The French of England — a term meant to cover both Anglo-Norman and Anglo-French, and which could almost more properly be “the Frenches of England” — is a major field for fresh exploration.  This website gives information about material on the French documents and texts of England: on translations of previously untranslated and unpublished work, and on current research.  Nearly one thousand literary texts are listed in the most important survey of Anglo-Norman literature to date,Anglo-Norman Literature: A Guide to Texts and Manuscripts, ANTS OPS 3 (London: Anglo-Norman Text Society, 1997) by Ruth J. Dean and Maureen B. M. Boulton.  The total documentary corpus composed in the French of England is unquantified and probably unquantifiable, but it is large and significant, and the subject of much important recent work both by historians and by linguists (especially as there has been fresh scholarship in recent years on the nature and uses of the fourteenth- and early fifteenth- century French of England).  This site includes a bibliographic guide to the French records of medieval England.

The French of England is a field that welcomes and benefits today’s newer approaches in, for example, post-colonial and feminist and post-disciplinary studies, which seek to cross, re-align, and rethink disciplinary boundaries.  Scholars are asking new questions about the ways in which “French” texts are “English” and about the interrelations between insular French literature, that of the continent, and the literatures of other medieval cultures.  Historians and literary scholars taking a post-colonial approach recognize that the French of England was at various times the language of a political and military elite, while scholarship on medieval women continues to demonstrate the importance of vernacular records and texts, not only in the history of women in England, but for medieval scholarship at large.  In the field of insular vernacular pastoralia and devotional texts, where clerics as well as religious and laywomen play significant roles, for instance, it has been estimated that French of England texts number approximately 500 as against Middle English’s 800: a significant corpus, without which accounts of vernacular literary production in England are seriously incomplete.

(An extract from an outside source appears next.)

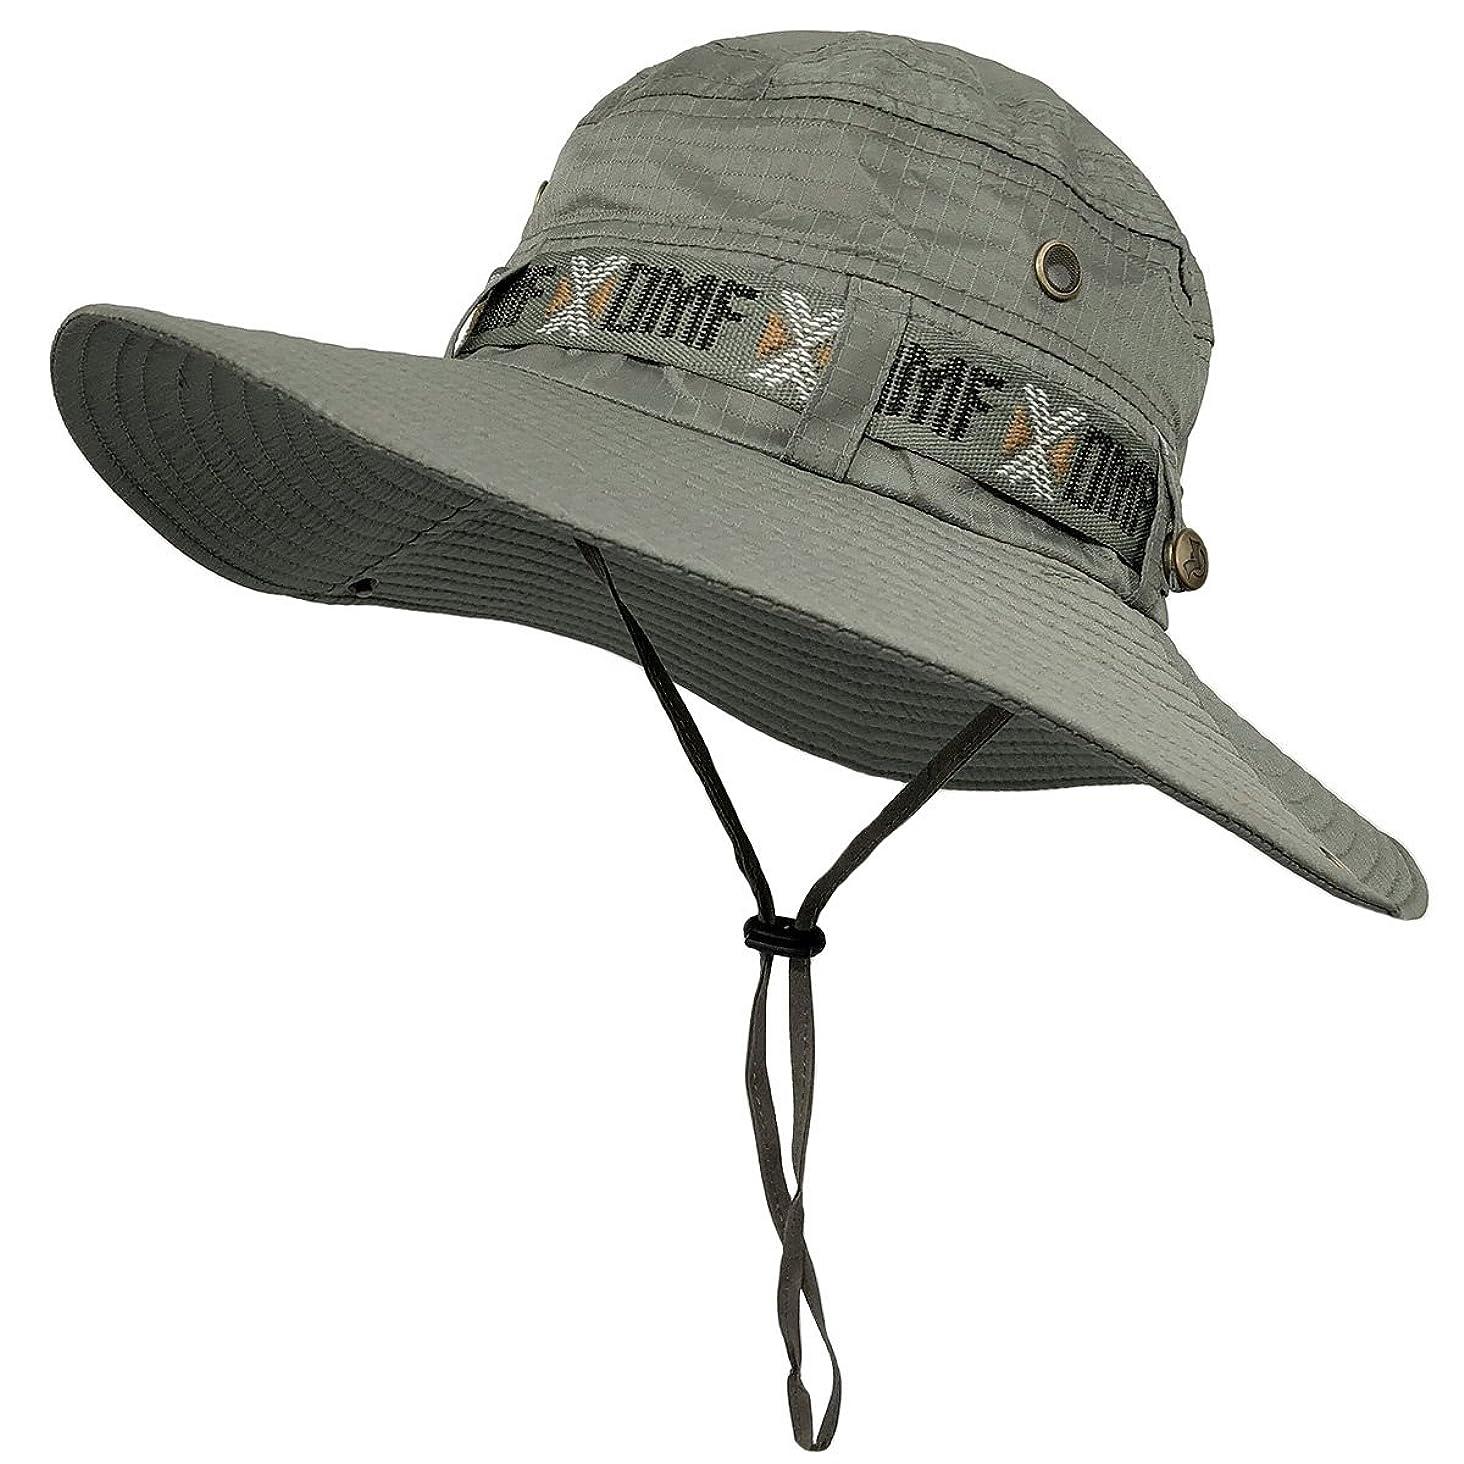 LETHMIK Fishing Sun Boonie Hat Waterproof Summer UV Protection Safari Cap Outdoor Hunting Hat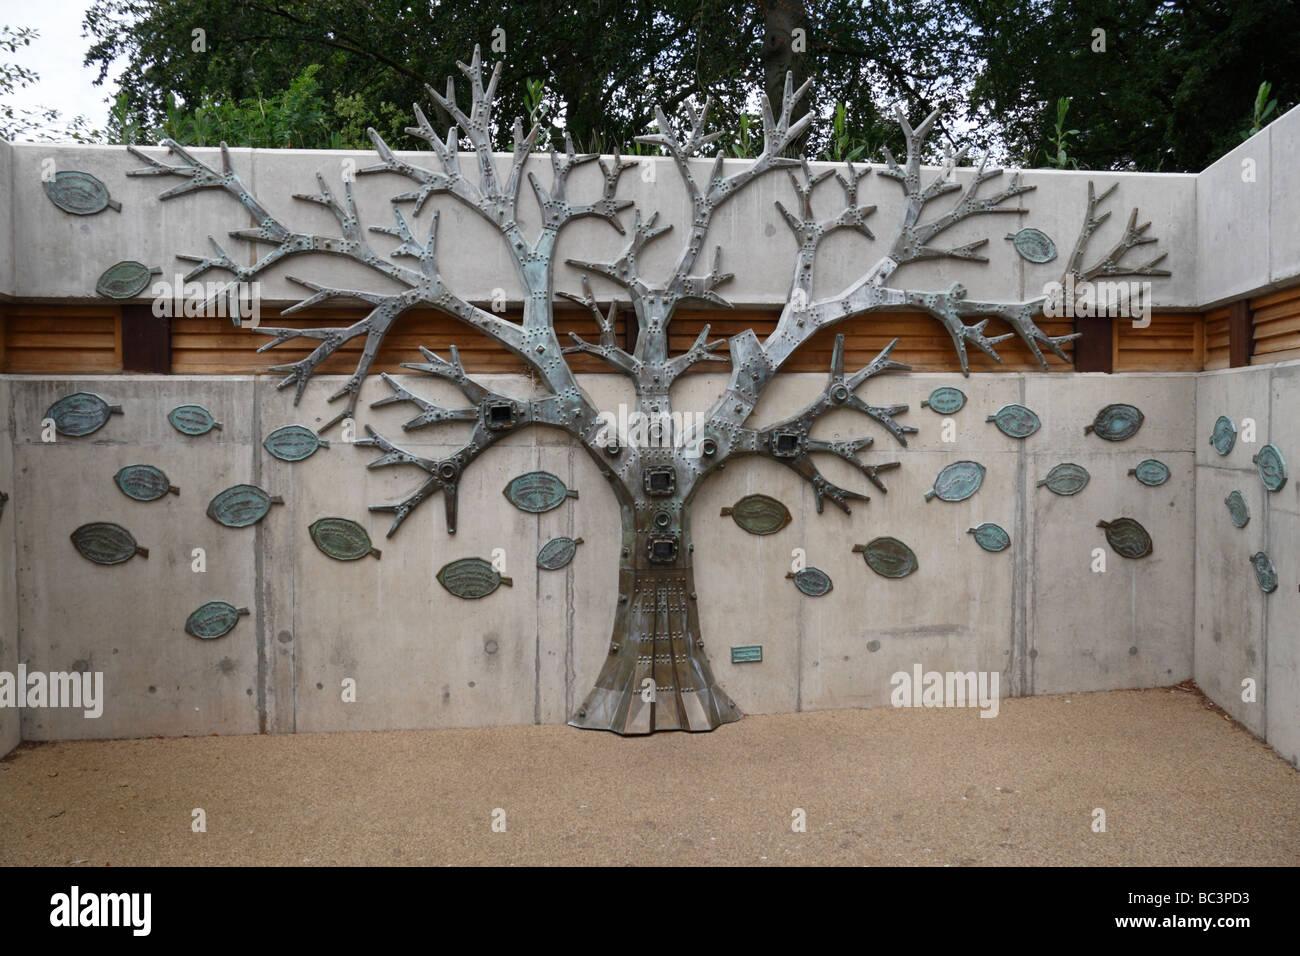 A tree-like sculpture on the Rhizotron beneath the Xstrata treetop walkway, Royal Botanic Gardens, Kew, England. - Stock Image

England is the location of the earliest historical writing in French and has an important continuing tradition of such writing from the early twelfth into the fourteenth century and beyond.  Saints’ lives, now widely recognized as one of the major European narrative genres, and an indispensable resource for knowledge of medieval culture, have a rich corpus in the French of England.  So too, numerous religious works in the French of England showcase the conspicuous religiosity of aristocratic laypeople’s formation — often their spiritual cultural capital — in medieval Britain.

The French of England Project (FoE) is based at Fordham University in New York City and has also been located in and supported by the University of York, UK.  It has received funding from the National Endowment for the Humanities in the USA and from the Modern Humanities Research Association in the UK.